Q-learning directly learns optimal strategies, whereas Sarsa is exploring optimal strategies as well. As a result, when we learn the optimal strategy, if Sarsa is used, in order to ensure convergence, we need to develop a strategy to make ϵ− epsilon-ϵ− greed method’s superparameter ϵ\epsilonϵ gradually smaller in the process of iteration. Q-learning doesn’t have that problem.

Another is that q-learning directly learns the optimal strategy, but the optimal strategy depends on a series of data generated in training, so it is greatly affected by sample data, so it is greatly affected by the variance of training data, and even affects the convergence of Q function. Deep Q-Learning, the Deep reinforcement Learning version of Q-Learning, also has this problem.

In the Learning process, Sarsa encourages exploration in the process of convergence, so that the Learning process will be smooth and not too radical, while Q-learning directly selects the optimal action, which is more radical than Sarsa algorithm.

For example, in the Cliff Walk problem, as shown below, the Sarsa algorithm takes the blue safety line, while the radical Q-learning algorithm takes the red optimal route. (The grey part is the cliff)

Sarsa and Q-learning algorithms can be seen in the next article reinforcement Learning – Sarsa and Q-learning algorithms in action

3. Comparison of DP, MC and TD

1 With or without Bootstrapping and Sampling

Bootstrapping Sampling
DP Yes
MC Yes
TD Yes Yes

2. DP and TD

3. Intuitive understanding of the three algorithms

  • DP

  • MC

  • TD

3. The relationship between the three algorithms

The figure above shows a cross section of the reinforcement learning method space, highlighting two important dimensions: the depth and width of updates

These two dimensions are related to the type of update operation that improves the value function. The horizontal direction represents whether to use sampling updates (based on a sampling sequence) or to expect updates (based on the distribution of possible sequences). Expectation update requires a probability distribution model, while sampling update requires only a sampling model.

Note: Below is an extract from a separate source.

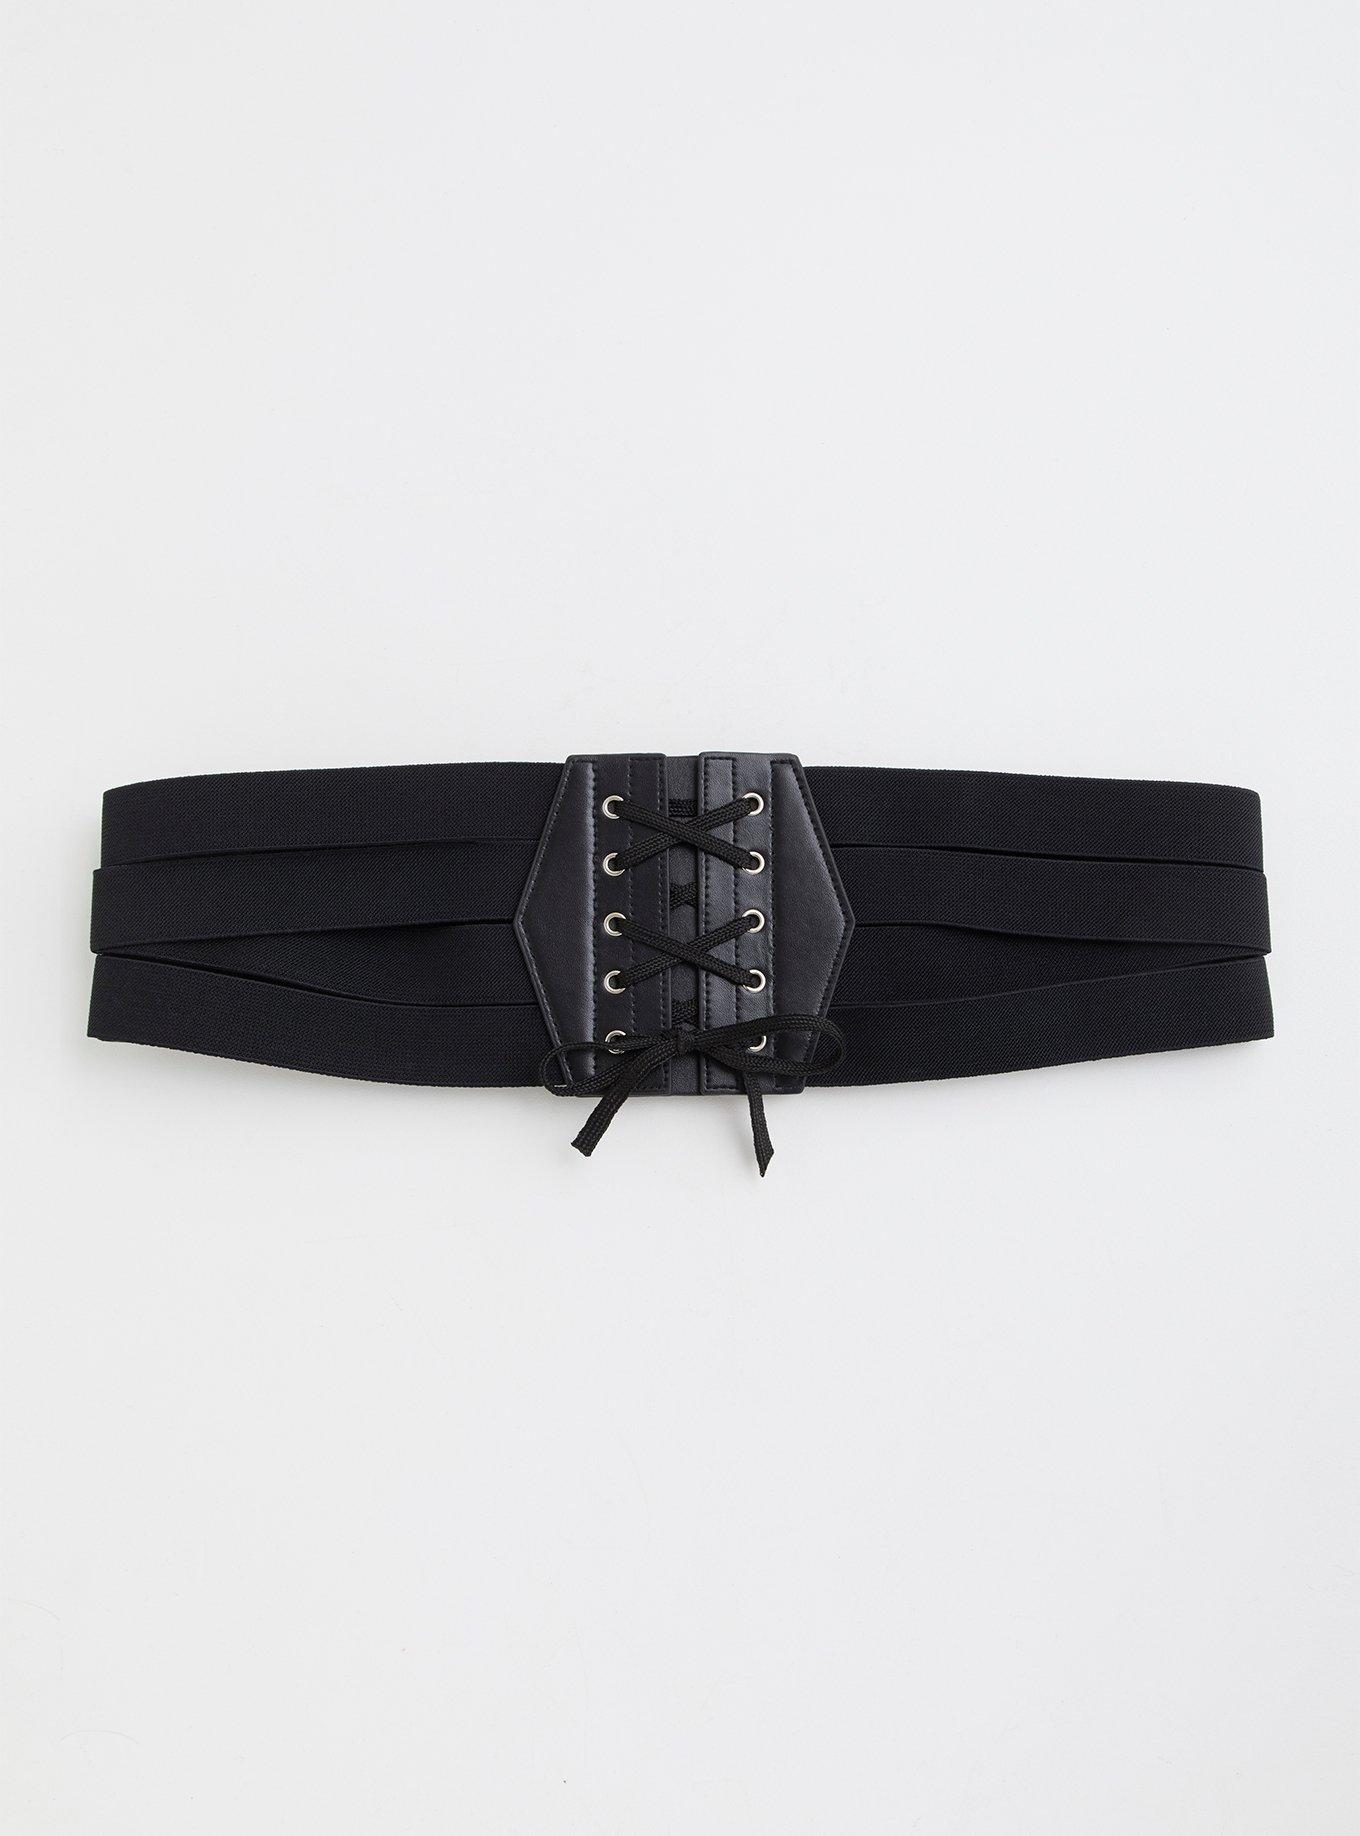 Plus Size - Black Lace-Up Corset Belt - Torrid

The vertical direction corresponds to the depth of the update and the degree of “bootstrap.” From single step sequential differential update to Monte Carlo update. The middle section includes methods based on n-step updates (e.g. λ\lambdaλ updates based on qualification traces)

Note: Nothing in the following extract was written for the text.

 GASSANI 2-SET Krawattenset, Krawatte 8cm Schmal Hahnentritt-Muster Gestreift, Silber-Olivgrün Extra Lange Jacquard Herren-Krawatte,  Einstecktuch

As you can see, dynamic programming is in the upper right of the graphic space, because dynamic programming is a one-step expectation update. In the lower right corner is an extreme case of an expected update, where each update iterates through the possible scenarios until the final termination state is reached (or, in the case of a continuing task, the multiplier of the discount factor causes the subsequent payoff to have no effect on the current payoff). This is a case of heuristic search.

Sutton, Reinforcement Learning, 2nd Ed

At this point, the basic theory of traditional reinforcement Learning is introduced. The next chapter is the code introduction of SARSA and Q-learning algorithm. Of course, this blog series is fairly basic, but for a more in-depth look at Sutton’s Reinforcement Learning book, hn77.

In recent years, with the rise of neural networks, reinforcement learning based on neural networks has been in full swing. Many new interesting algorithms have emerged, and of course, they are more powerful. Therefore, the following articles will introduce neural network + reinforcement learning, also known as deep reinforcement learning (DRL). I this rookie will try their best to explain to you clearly, but also please do not go away, a lot of attention!